# Clipping a nigerian buck



## BrokenArrowRanch (Jun 6, 2013)

So I plan on showing a buck and doe in a couple weeks. I'm finishing my clipping today and have a weird question. On udders we clip really short. Do I need to do anything on my bucks.... male bits? 

Also any tips to clip their face. I'm getting it done but they sure hate it. There's no way I can clip their ears.


----------



## KW Farms (Jun 21, 2008)

No, you usually don't need to trim at all because the hair is already really short. If there is any longer hair, you can trim up a bit to clean up, but other than that, usually nothing is needed.
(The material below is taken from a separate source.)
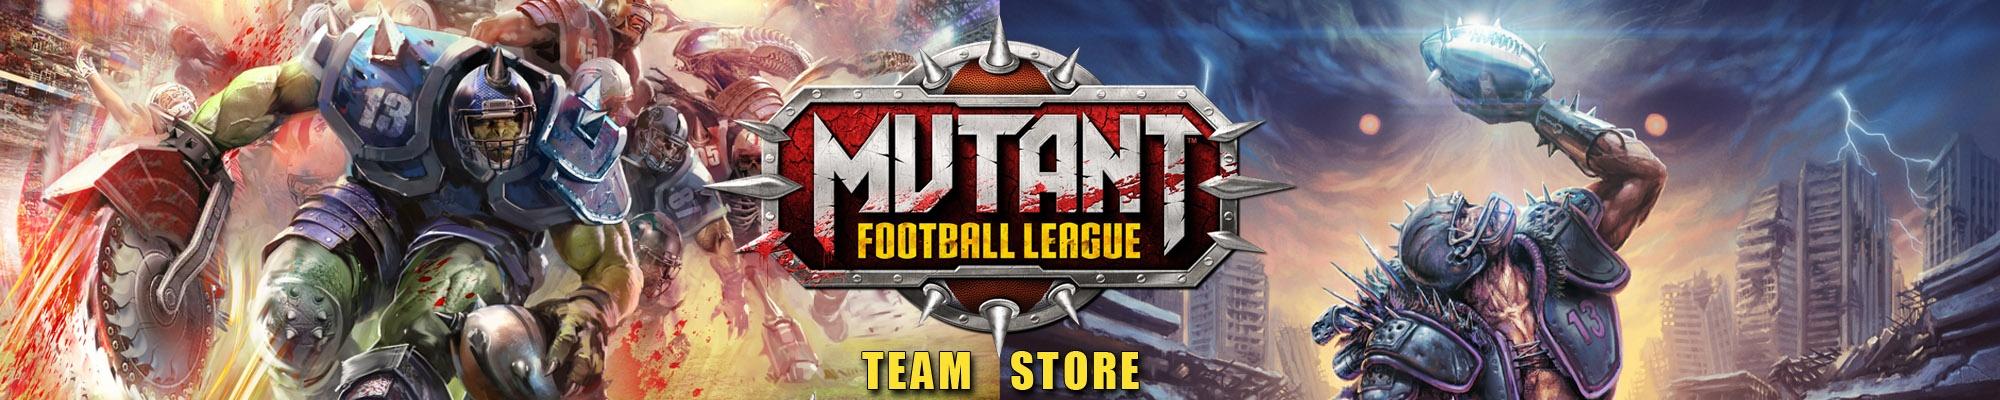 mutantfootball Cover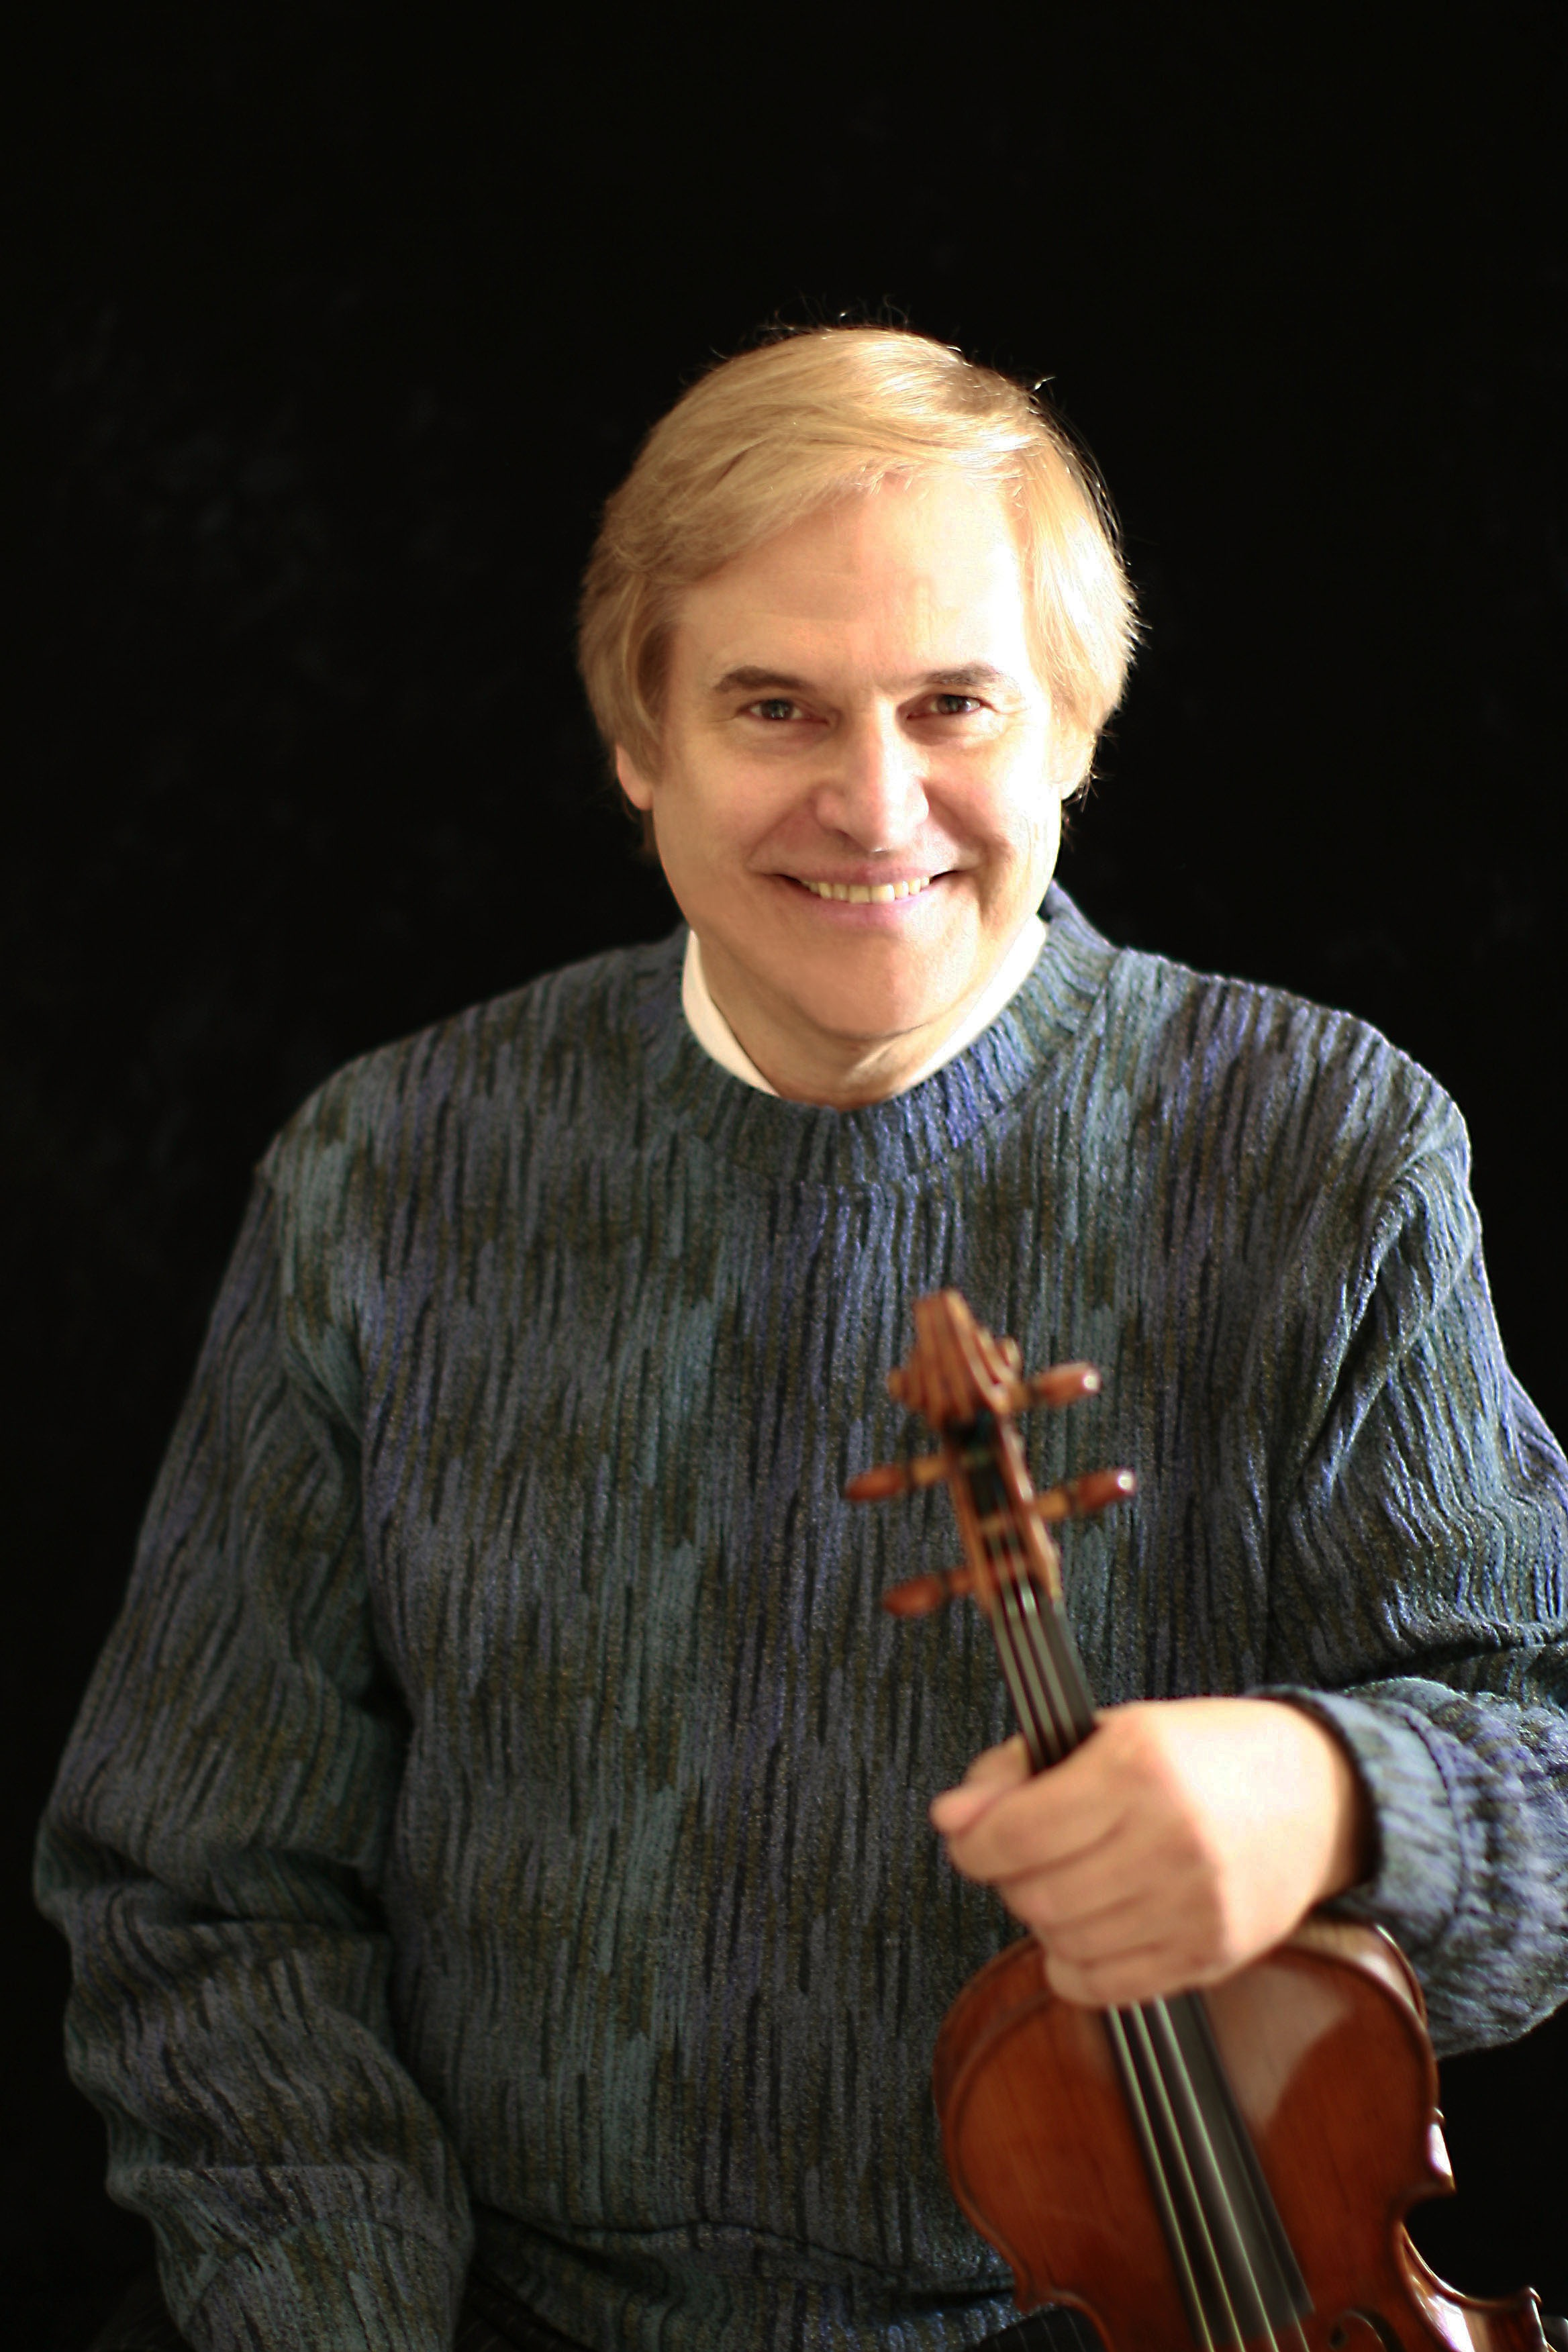 Daniel Kobialka

I hold onto their beard while I trim the face. Seems to keep them steady. I'll usually use my leg/knee to brace them a bit as I'm clipping. Seems to work for me. They sometimes put up a fight at first, but calm down quickly.


----------



## IHEARTGOATS (Jun 14, 2016)

Don't cut off his beard


----------



## billiejw89 (May 7, 2014)

Blue cactus dairy goats has awesome clipping videos on YouTube for both does and bucks! I learned a lot


----------



## BrokenArrowRanch (Jun 6, 2013)

So I got most of the clipping done. Except his face. Will work on it tonight. He had stood tied for a long time while I worked on the other girls. I didn't want to fight him over it.
Another question. Some of my goats have dandruff. I didn't wash them before clipping. Should I wash them with a dandruff shampoo?


----------



## Goatzrule (Feb 7, 2013)

I only clip off the beard if its soaked in pee. You can wash them after it wouldnt hurt. I use dawn soap works better with the pee stains


----------



## BrokenArrowRanch (Jun 6, 2013)

Here's the handsome man with one of my does. I'll have to do some touch up right before show but they both look pretty good to me.


----------



## ksalvagno (Oct 6, 2009)

Love his beard!


----------



## BrokenArrowRanch (Jun 6, 2013)

Well the doe didn't place because she was dry but both judges really liked her. My buck in the first class was next to last because he was non cooperative. Second ring he won 3rd place out of 9. And acted like he'd done it every day of his life


----------